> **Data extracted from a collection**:
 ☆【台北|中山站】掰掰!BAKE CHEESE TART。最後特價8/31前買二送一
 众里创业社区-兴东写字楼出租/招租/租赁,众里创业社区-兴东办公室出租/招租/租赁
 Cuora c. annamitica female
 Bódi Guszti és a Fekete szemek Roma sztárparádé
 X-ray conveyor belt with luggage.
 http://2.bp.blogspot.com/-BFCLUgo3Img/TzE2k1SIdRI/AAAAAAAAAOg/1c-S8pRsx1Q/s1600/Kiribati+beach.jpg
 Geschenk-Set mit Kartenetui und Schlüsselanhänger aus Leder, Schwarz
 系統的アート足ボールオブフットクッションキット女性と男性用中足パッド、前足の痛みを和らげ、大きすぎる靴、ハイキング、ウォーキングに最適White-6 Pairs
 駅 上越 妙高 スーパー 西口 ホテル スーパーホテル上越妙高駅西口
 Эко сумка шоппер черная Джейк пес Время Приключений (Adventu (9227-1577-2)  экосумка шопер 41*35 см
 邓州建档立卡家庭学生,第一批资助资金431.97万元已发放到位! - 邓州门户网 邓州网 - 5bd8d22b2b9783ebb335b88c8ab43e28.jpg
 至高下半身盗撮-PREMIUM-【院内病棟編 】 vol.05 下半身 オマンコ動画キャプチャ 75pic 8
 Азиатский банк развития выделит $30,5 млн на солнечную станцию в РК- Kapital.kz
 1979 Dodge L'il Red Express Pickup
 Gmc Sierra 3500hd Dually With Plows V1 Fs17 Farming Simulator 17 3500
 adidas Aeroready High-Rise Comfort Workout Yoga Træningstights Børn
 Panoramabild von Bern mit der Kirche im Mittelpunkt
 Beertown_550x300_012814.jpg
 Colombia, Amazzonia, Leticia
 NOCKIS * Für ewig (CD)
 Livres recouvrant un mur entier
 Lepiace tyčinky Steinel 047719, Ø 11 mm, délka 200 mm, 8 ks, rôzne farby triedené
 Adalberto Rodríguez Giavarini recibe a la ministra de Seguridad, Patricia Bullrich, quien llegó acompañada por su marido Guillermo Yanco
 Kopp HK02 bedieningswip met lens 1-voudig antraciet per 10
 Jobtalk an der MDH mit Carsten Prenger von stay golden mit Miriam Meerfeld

> **What to do**: Please give back the entries above, unchanged and complete.

> **Answer box**:
 ☆【台北|中山站】掰掰!BAKE CHEESE TART。最後特價8/31前買二送一
 众里创业社区-兴东写字楼出租/招租/租赁,众里创业社区-兴东办公室出租/招租/租赁
 Cuora c. annamitica female
 Bódi Guszti és a Fekete szemek Roma sztárparádé
 X-ray conveyor belt with luggage.
 http://2.bp.blogspot.com/-BFCLUgo3Img/TzE2k1SIdRI/AAAAAAAAAOg/1c-S8pRsx1Q/s1600/Kiribati+beach.jpg
 Geschenk-Set mit Kartenetui und Schlüsselanhänger aus Leder, Schwarz
 系統的アート足ボールオブフットクッションキット女性と男性用中足パッド、前足の痛みを和らげ、大きすぎる靴、ハイキング、ウォーキングに最適White-6 Pairs
 駅 上越 妙高 スーパー 西口 ホテル スーパーホテル上越妙高駅西口
 Эко сумка шоппер черная Джейк пес Время Приключений (Adventu (9227-1577-2)  экосумка шопер 41*35 см
 邓州建档立卡家庭学生,第一批资助资金431.97万元已发放到位! - 邓州门户网 邓州网 - 5bd8d22b2b9783ebb335b88c8ab43e28.jpg
 至高下半身盗撮-PREMIUM-【院内病棟編 】 vol.05 下半身 オマンコ動画キャプチャ 75pic 8
 Азиатский банк развития выделит $30,5 млн на солнечную станцию в РК- Kapital.kz
 1979 Dodge L'il Red Express Pickup
 Gmc Sierra 3500hd Dually With Plows V1 Fs17 Farming Simulator 17 3500
 adidas Aeroready High-Rise Comfort Workout Yoga Træningstights Børn
 Panoramabild von Bern mit der Kirche im Mittelpunkt
 Beertown_550x300_012814.jpg
 Colombia, Amazzonia, Leticia
 NOCKIS * Für ewig (CD)
 Livres recouvrant un mur entier
 Lepiace tyčinky Steinel 047719, Ø 11 mm, délka 200 mm, 8 ks, rôzne farby triedené
 Adalberto Rodríguez Giavarini recibe a la ministra de Seguridad, Patricia Bullrich, quien llegó acompañada por su marido Guillermo Yanco
 Kopp HK02 bedieningswip met lens 1-voudig antraciet per 10
 Jobtalk an der MDH mit Carsten Prenger von stay golden mit Miriam Meerfeld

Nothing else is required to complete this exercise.